ICSE Class 8 Maths Algebra Chapter 11 Quadratic Equations

Quadratic Equations

A quadratic equation in x is an equation in which the highest power of x is 2. The standard form of a quadratic equation in x is \(ax^2 + bx + c = 0\), where a, b and c are constants and \(a \ne 0\).

Examples \(3x^2 + 5x = 2\), \(-6x^2 = 7x + 9\) and \(3x^2 - 25 = 0\) are quadratic equations in x.

Solution Of A Quadratic Equation

In general, a quadratic equation has two solutions, which are also called roots. The two solutions may be equal.

Let the roots of the equation \(ax^2 + bx + c = 0\) be \(x = \alpha\) and \(x = \beta\). Then each of the values of x must satisfy the equation, that is, \(a\alpha^2 + b\alpha + c = 0\) and \(a\beta^2 + b\beta + c = 0\).

Solving A Quadratic Equation

To solve a quadratic equation, we first factorize it and then use the principle of zero product, which states: If the product of two expressions (or numbers) is zero then at least one of the expressions must be zero. We can express this symbolically as follows.

If \(ab = 0\) then \(a = 0\) or \(b = 0\) or both \(a = 0\) and \(b = 0\).

Example If \((x - 1)(x - 2) = 0\) then by the principle of zero product, either \(x - 1 = 0\) or \(x - 2 = 0\).

If \(x - 1 = 0\) then \(x = 1\). If \(x - 2 = 0\) then \(x = 2\). Therefore \(x = 1\) or 2.

Now we can write the steps for solving a quadratic equation.

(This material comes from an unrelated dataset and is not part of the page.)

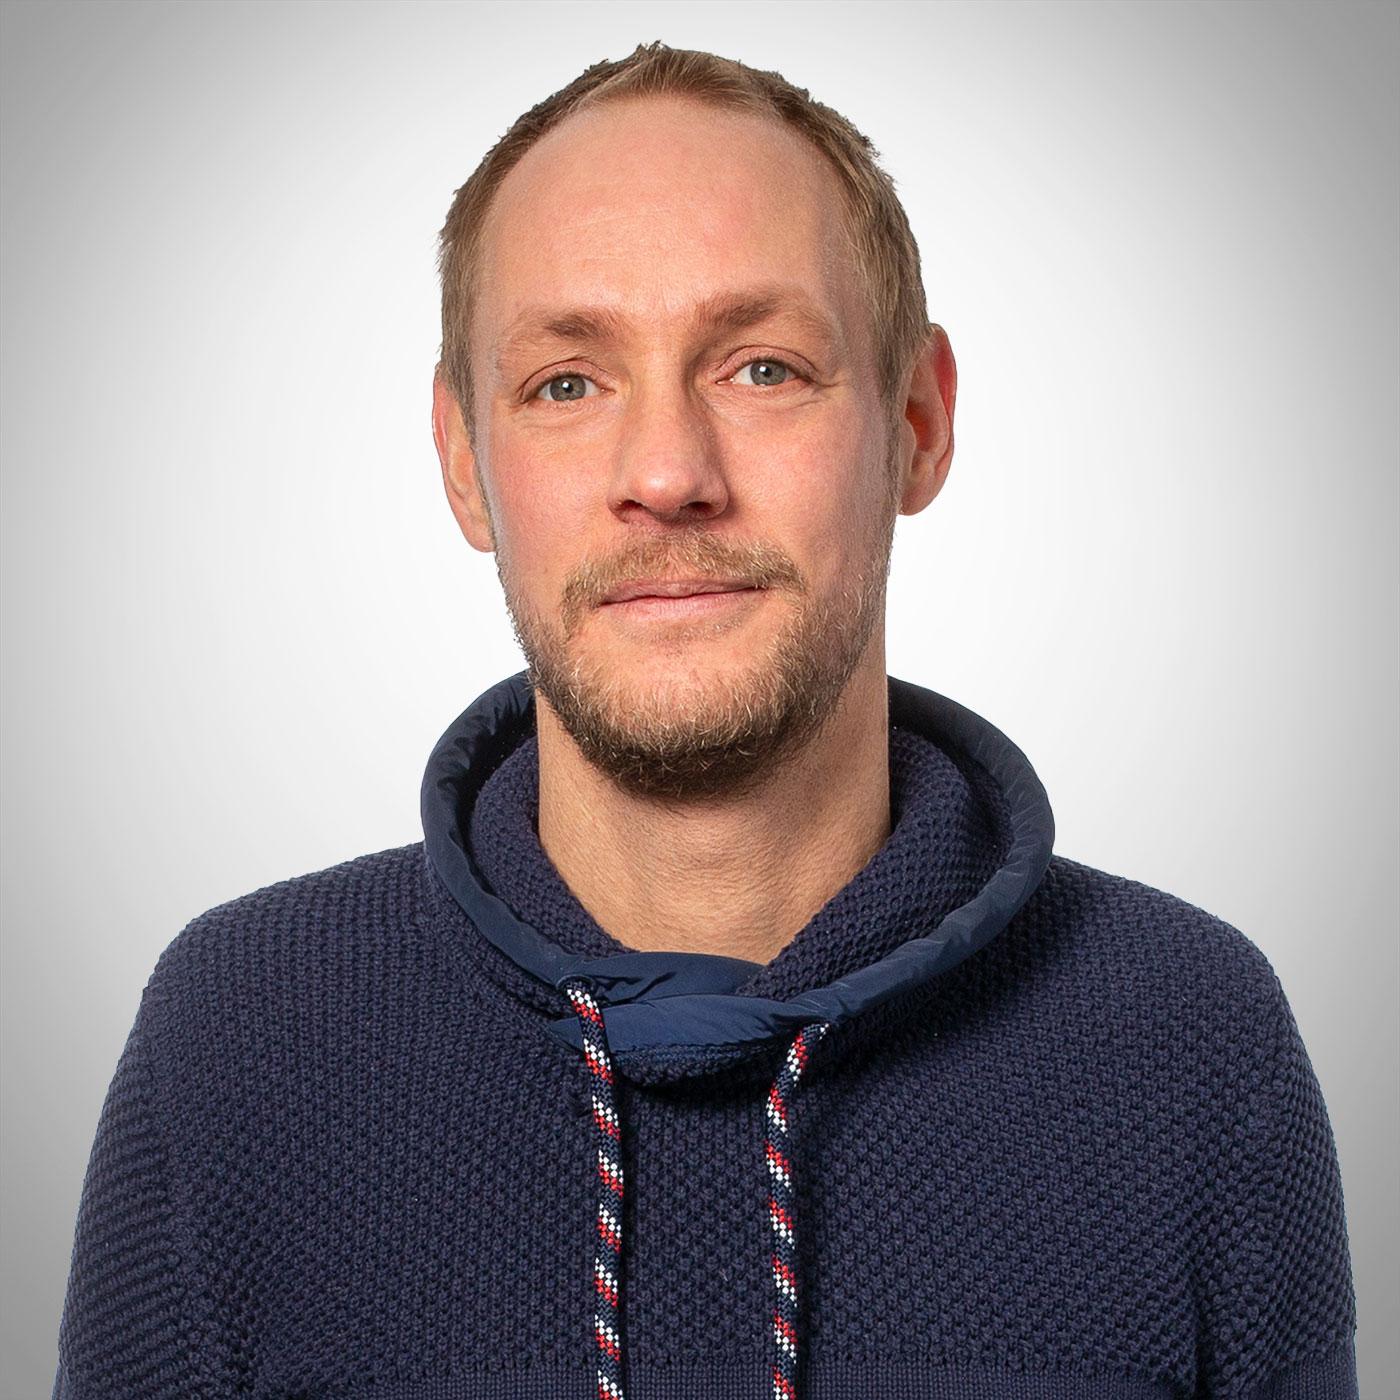 Hannes Scholtyschik

Steps 1. Write the equation in the standard form (that is, in the form \(ax^2 + bx + c = 0\)).

2. Factorize the quadratic expression on the LHS.

3. Set each factor equal to zero.

4. Solve each of the resulting linear equations.

Solved Examples

Example 1 Solve the equation \(x^2 + 4x + 3 = 0\).

Solution To begin with, let us factorize the LHS of the given equation with 0 on RHS.

\(x^2 + 4x + 3 = 0\) or \(x^2 + x + 3x + 3 = 0\)

or \(x(x + 1) + 3(x + 1) = 0\) or \((x + 1)(x + 3) = 0\).

By the zero-product principle, either \(x + 1 = 0\), which gives \(x = -1\) or \(x + 3 = 0\), which gives \(x = -3\).

Therefore, the roots (or solutions) of the equation are -1 and -3.

Verification

Let us substitute the two values of x in the given equation one by one.

When \(x = -1\), \(x^2 + 4x + 3 = (-1)^2 + 4 \times (-1) + 3 = 1 - 4 + 3 = 0\), which is true.

When \(x = -3\), \(x^2 + 4x + 3 = (-3)^2 + 4 \times (-3) + 3 = 9 - 12 + 3 = 0\), which is also true.

Hence, the solutions \(x = -1\) and \(x = -3\) are correct.

Example 2 Solve the quadratic equation \(8m^2 - 10m - 7 = 0\).

Solution Given, \(8m^2 - 10m - 7 = 0\) or \(8m^2 - 14m + 4m - 7 = 0\) or \(2m(4m - 7) + 1(4m - 7) = 0\) or \((4m - 7)(2m + 1) = 0\).

By the zero-product principle,

either \(4m - 7 = 0\), i.e., \(4m = 7\), i.e., \(m = \frac{7}{4}\)

or \(2m + 1 = 0\), i.e., \(2m = -1\), i.e., \(m = \frac{-1}{2}\).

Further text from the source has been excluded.